El G7 más la Unión Europea reafirmaron en su reunión de ministros de Exteriores, celebrada en Canadá los días 11 y 12 de noviembre, la importancia de mantener la paz y la estabilidad en el estrecho de Taiwán. En su declaración conjunta, los ministros manifestaron su oposición a cualquier intento unilateral de modificar el statu quo, especialmente por la vía militar o coercitiva, y alentaron a resolver las diferencias entre ambas orillas del Estrecho mediante el diálogo.
El ministro de Relaciones Exteriores, Lin Chia-lung (林佳龍), celebró que sea la cuarta vez en 2025 que el G7 se pronuncia en defensa de la estabilidad en el Estrecho, interpretándolo como una muestra de consenso internacional sobre la necesidad de preservar el equilibrio actual. Lin agradeció además que el bloque vuelva a apoyar la participación significativa de Taiwán en organizaciones internacionales, algo que Taipéi considera clave para su reconocimiento global.
El Gobierno taiwanés expresó su gratitud a los socios democráticos y reafirmó su compromiso de trabajar junto a ellos para promover la paz, la estabilidad y la prosperidad en la región del Indo-Pacífico. En su comunicado, Exteriores subrayó que Taiwán seguirá impulsando una “diplomacia integral” y destacando sus contribuciones a la cooperación multilateral, en un momento en que la presión diplomática y militar de Pekín se intensifica.

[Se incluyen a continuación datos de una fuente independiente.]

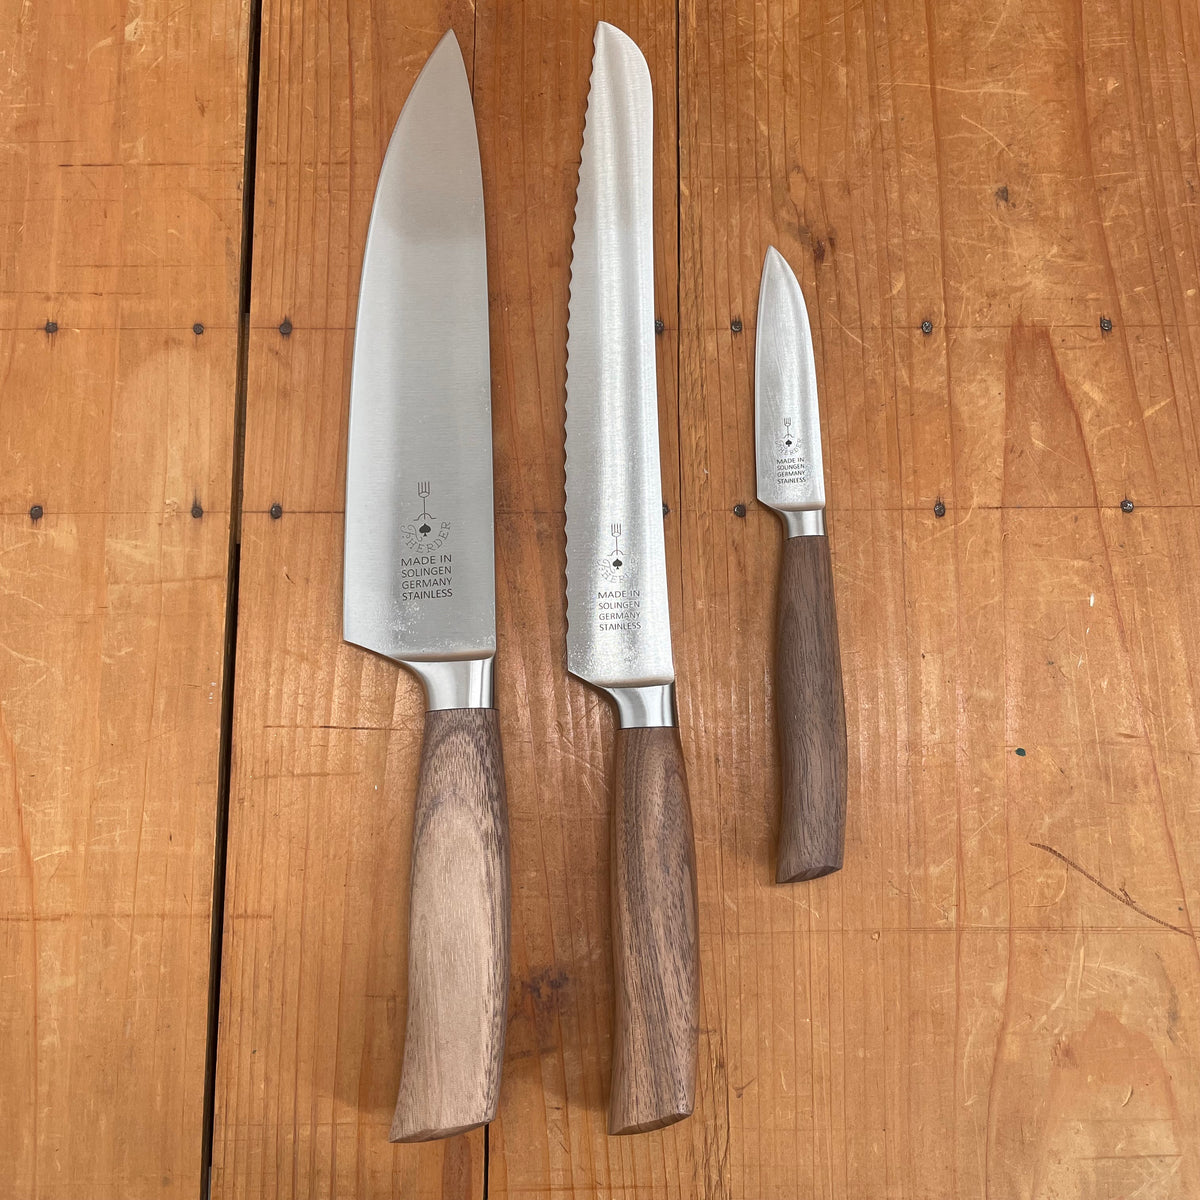 Friedr Herder Madera Forged Stainless Walnut 1/2 Bolster Knife Set - 3 Pieces

El encuentro del G7 en Canadá contó además con la participación de ministros de países invitados como Brasil, India, Arabia Saudí, México, Corea del Sur, Sudáfrica y Ucrania, con debates centrados en la seguridad marítima, los minerales estratégicos y la energía. En su comunicado final, los ministros también abordaron la guerra en Ucrania y expresaron su preocupación por la expansión militar y nuclear de China continental, instando a Pekín a actuar con transparencia y responsabilidad para preservar la estabilidad internacional.